WHAT NEEDS TO BE DONE:
Write out the data word for word and omit every picture.

DATA BELOW:
BEGIN
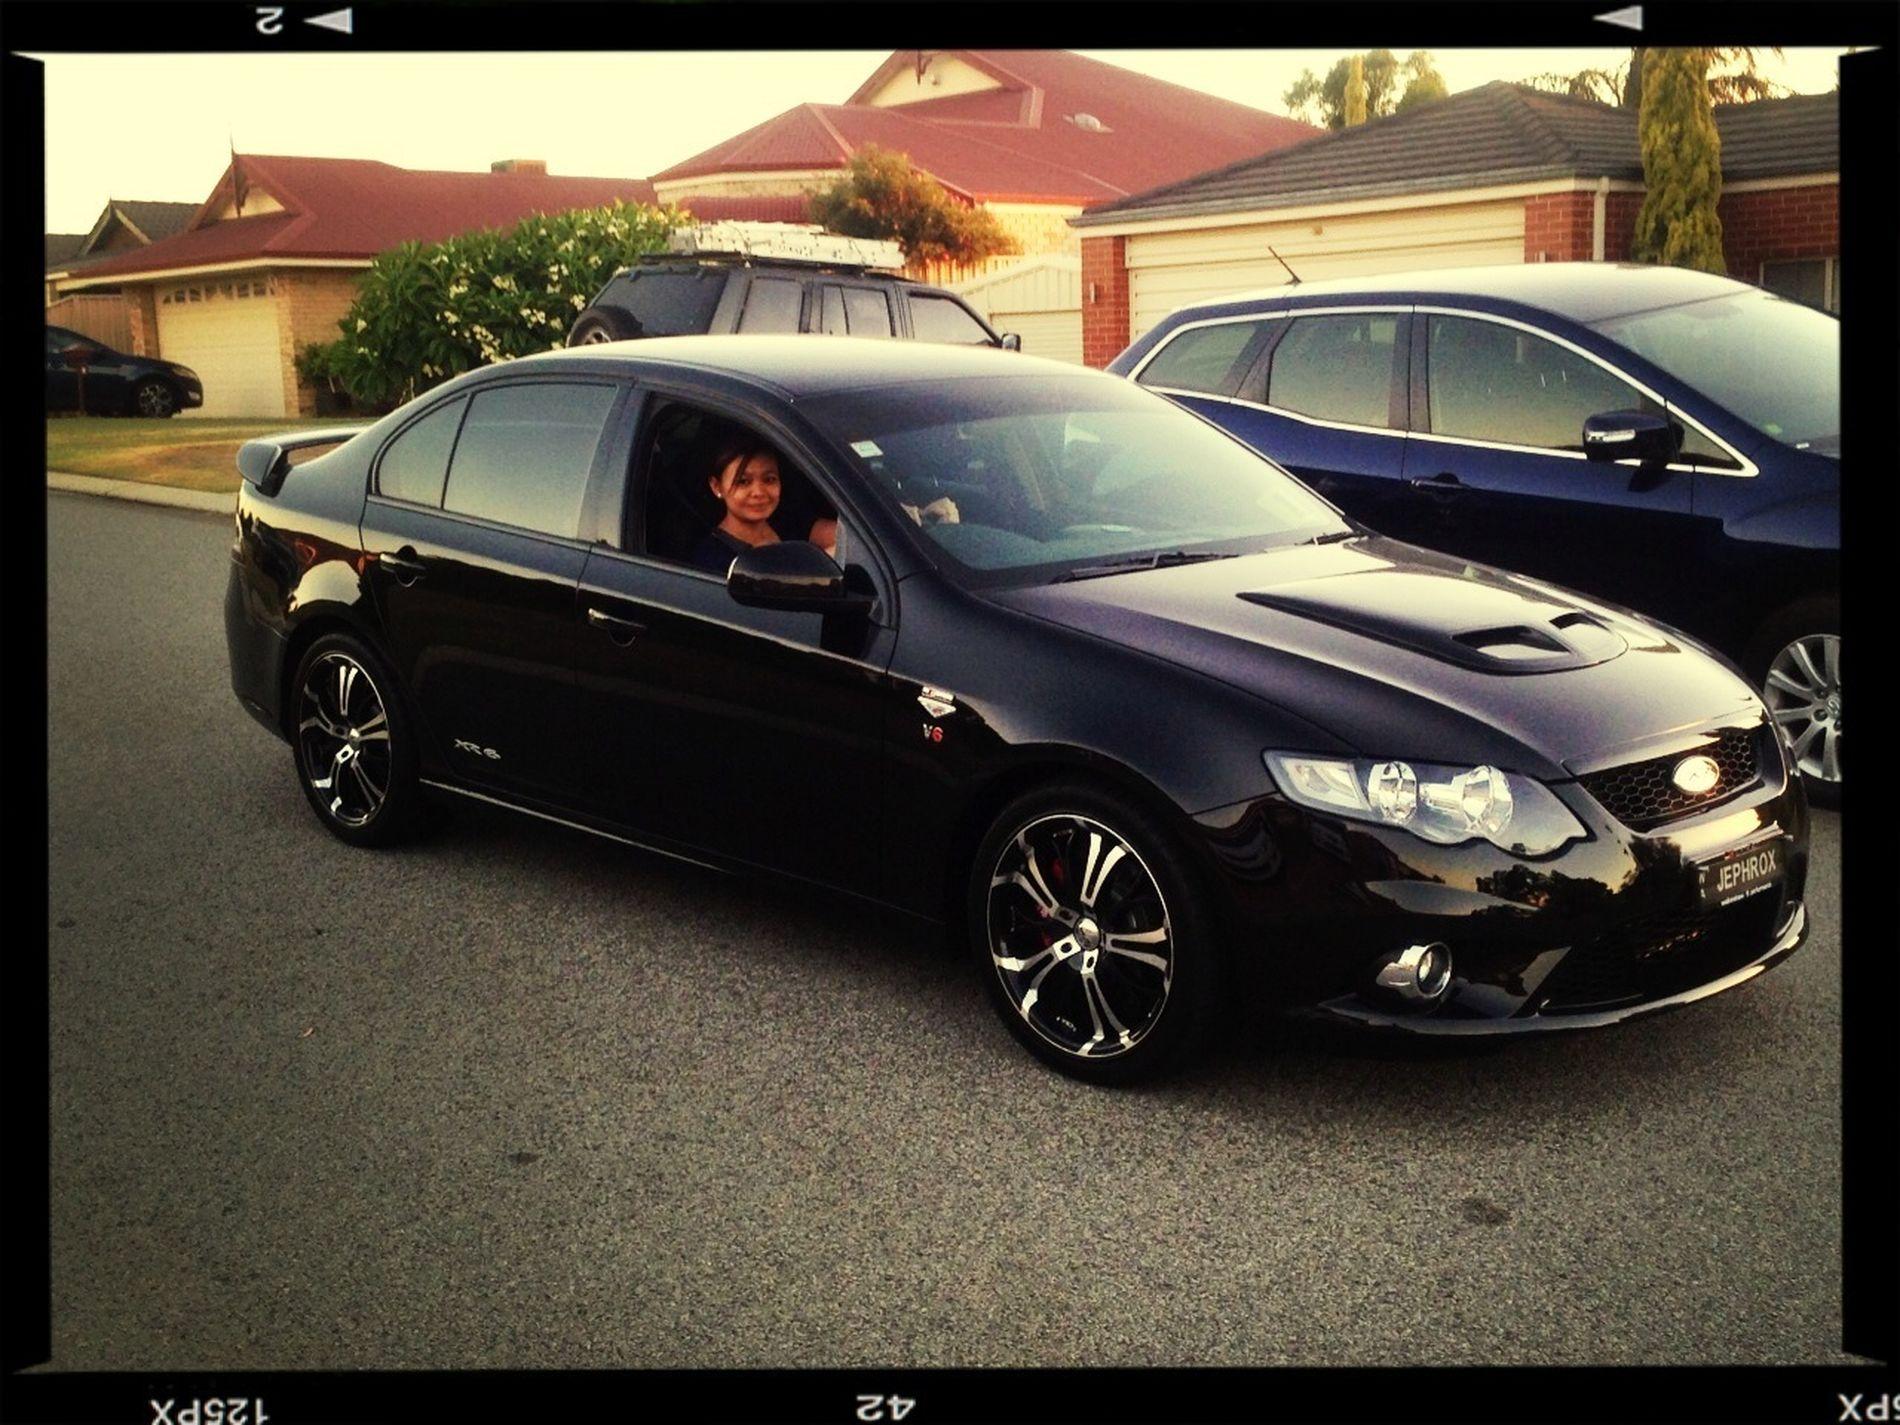 Baby U Can Drive My Car ;)
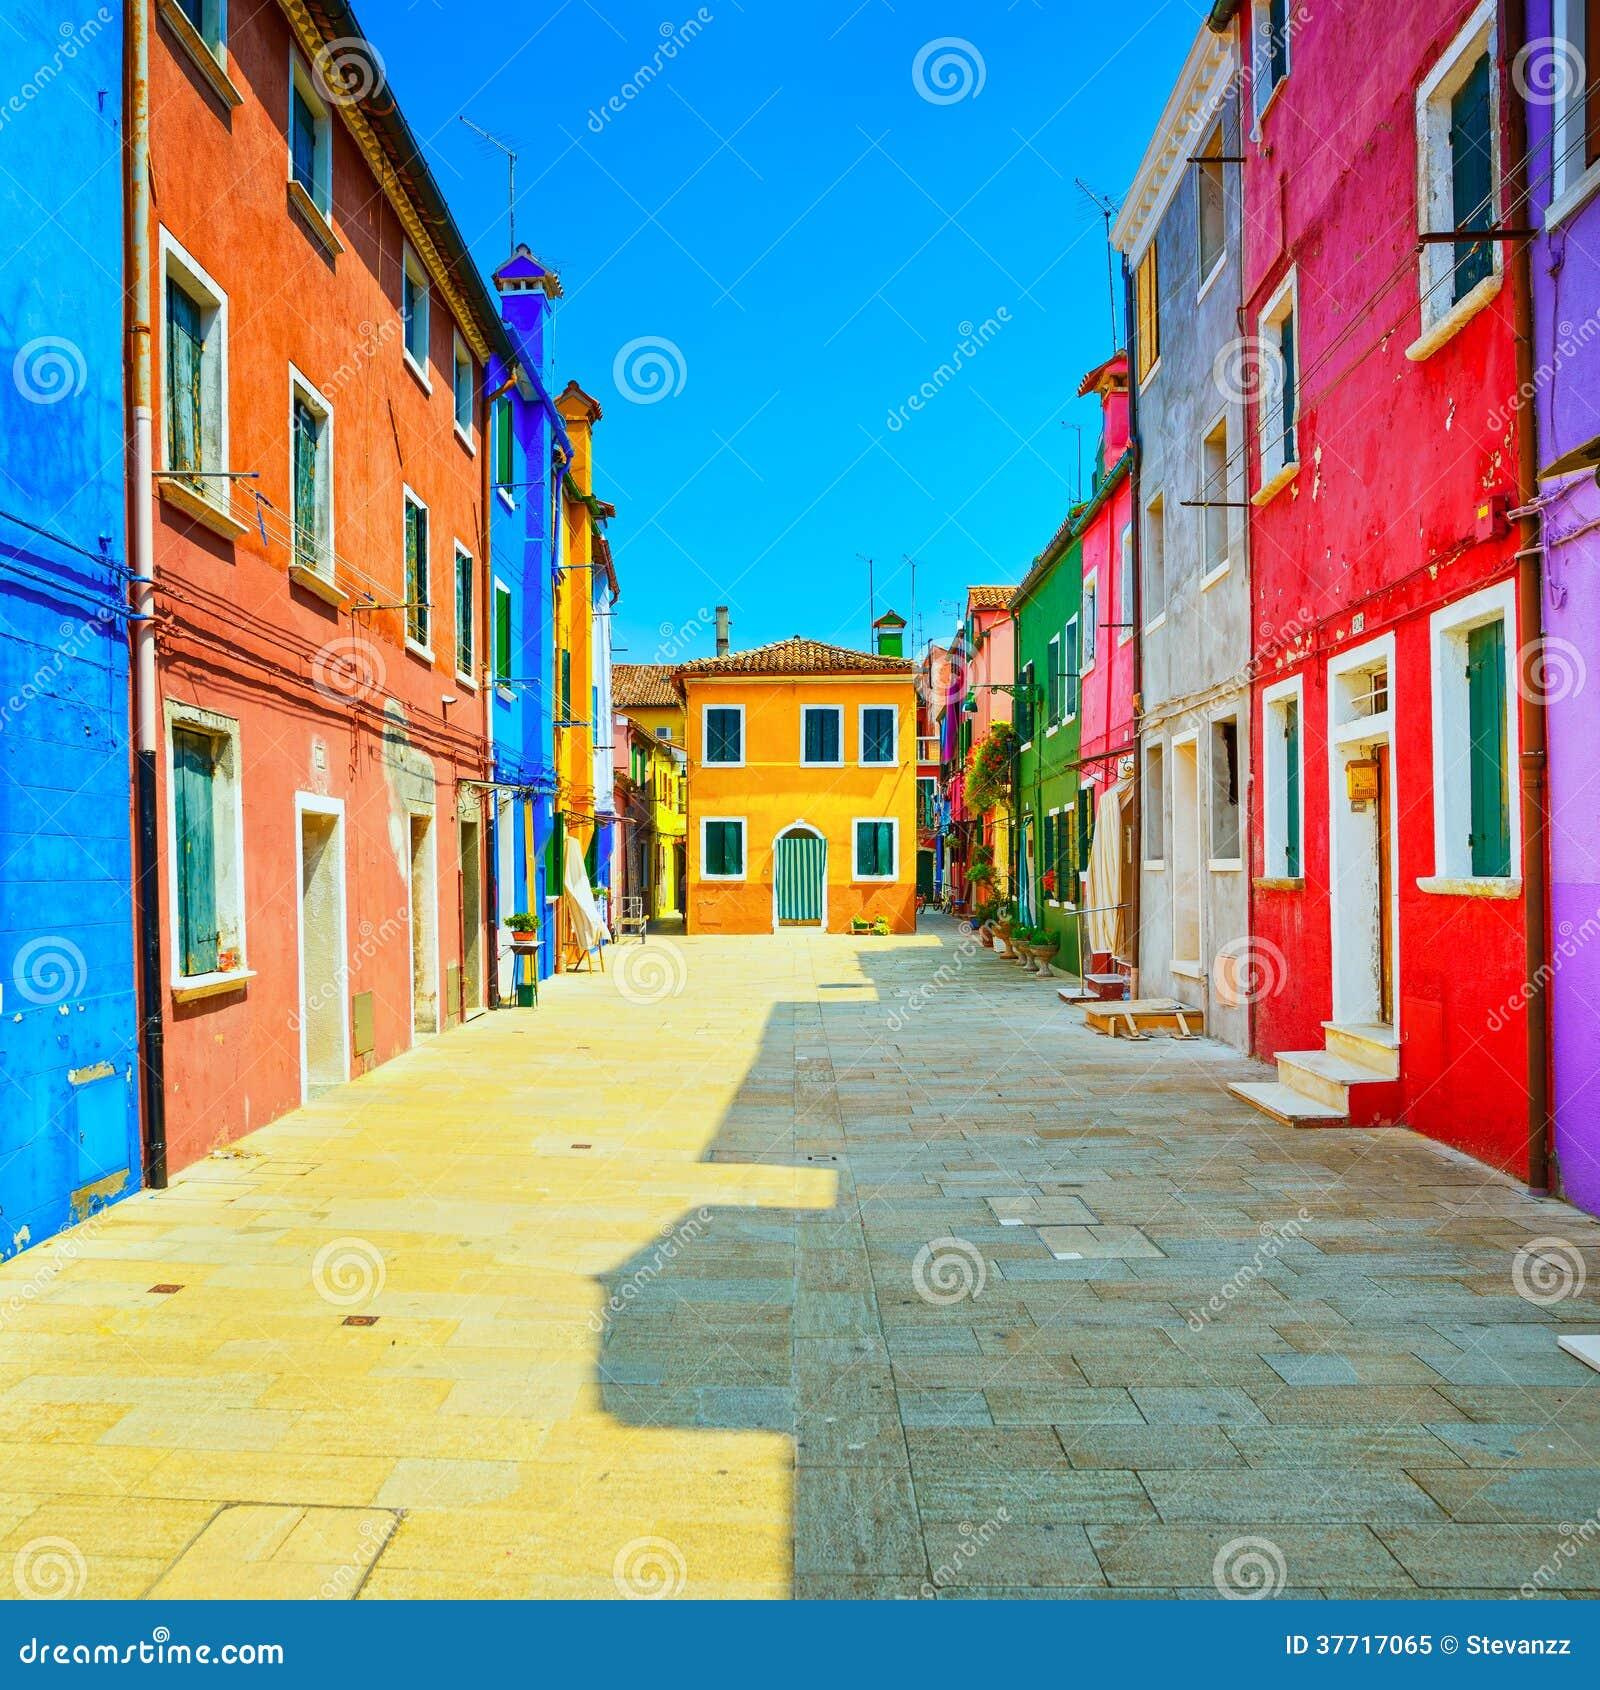 Venice Landmark, Burano Island Street, Colorful Houses ...
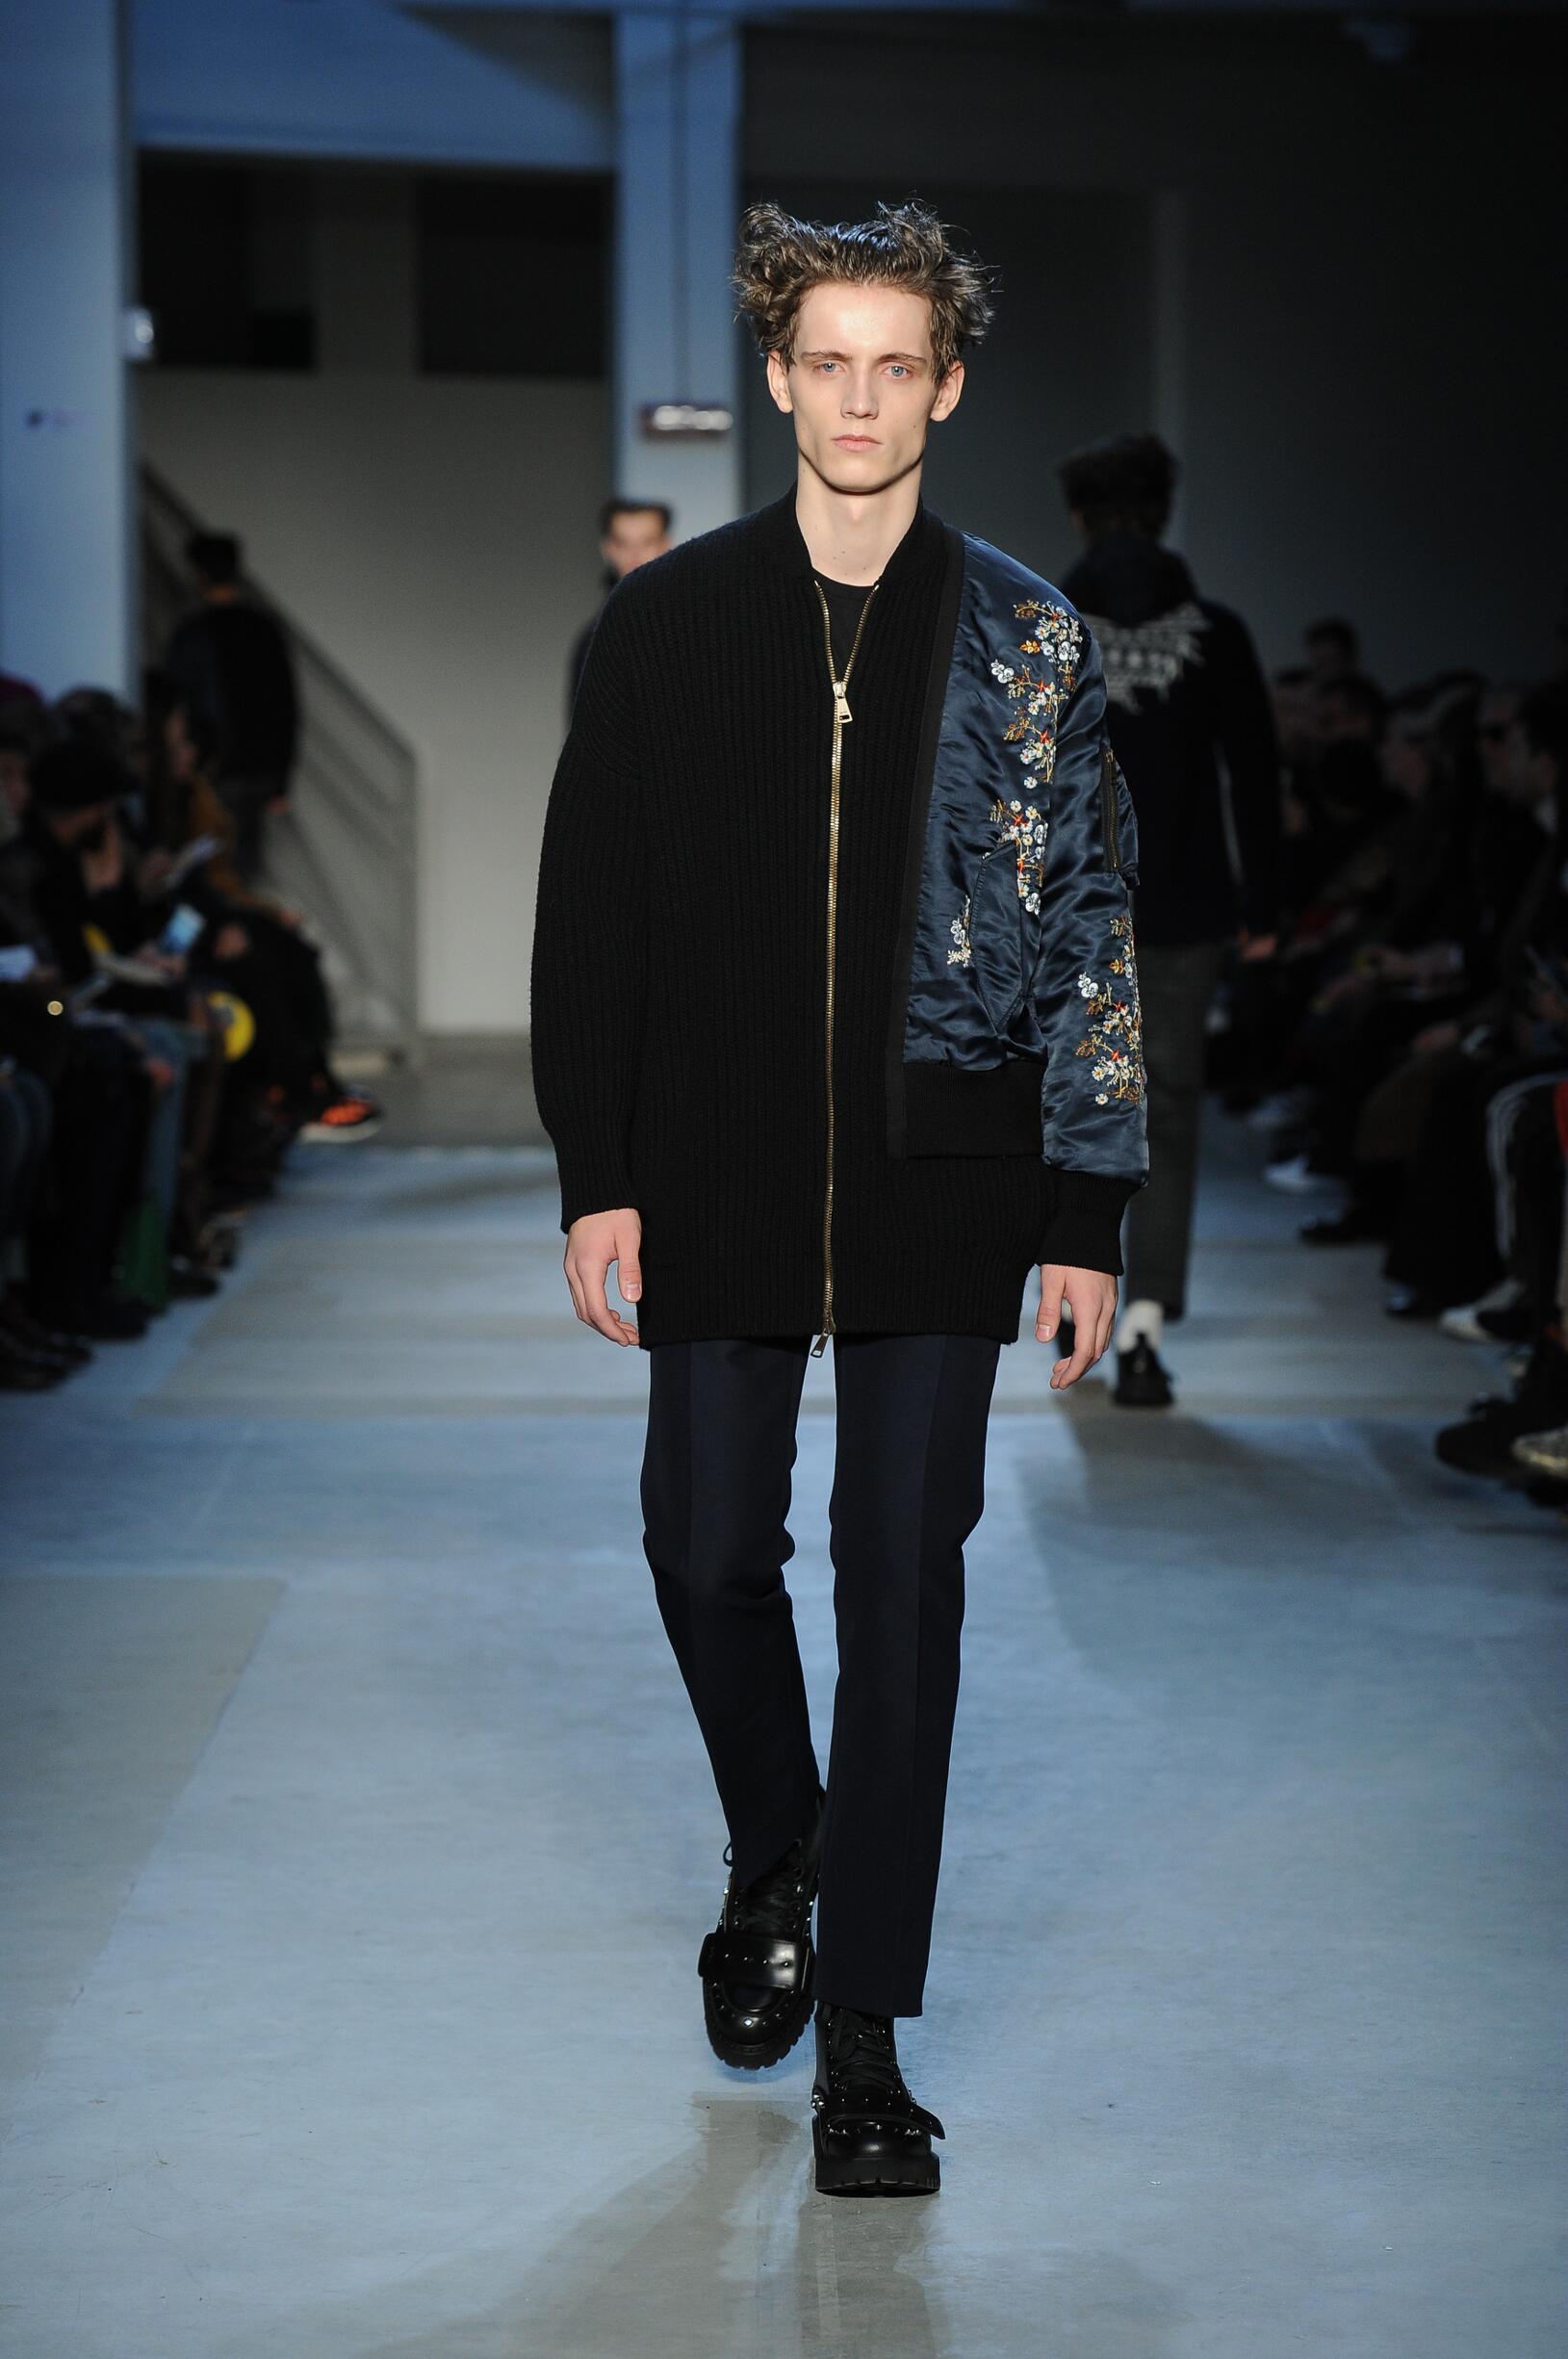 Catwalk N°21 Man Fashion Show Winter 2017
END
EXERCISE RESULT:
 Baby U Can Drive My Car ;)
 Venice Landmark, Burano Island Street, Colorful Houses ...
 Catwalk N°21 Man Fashion Show Winter 2017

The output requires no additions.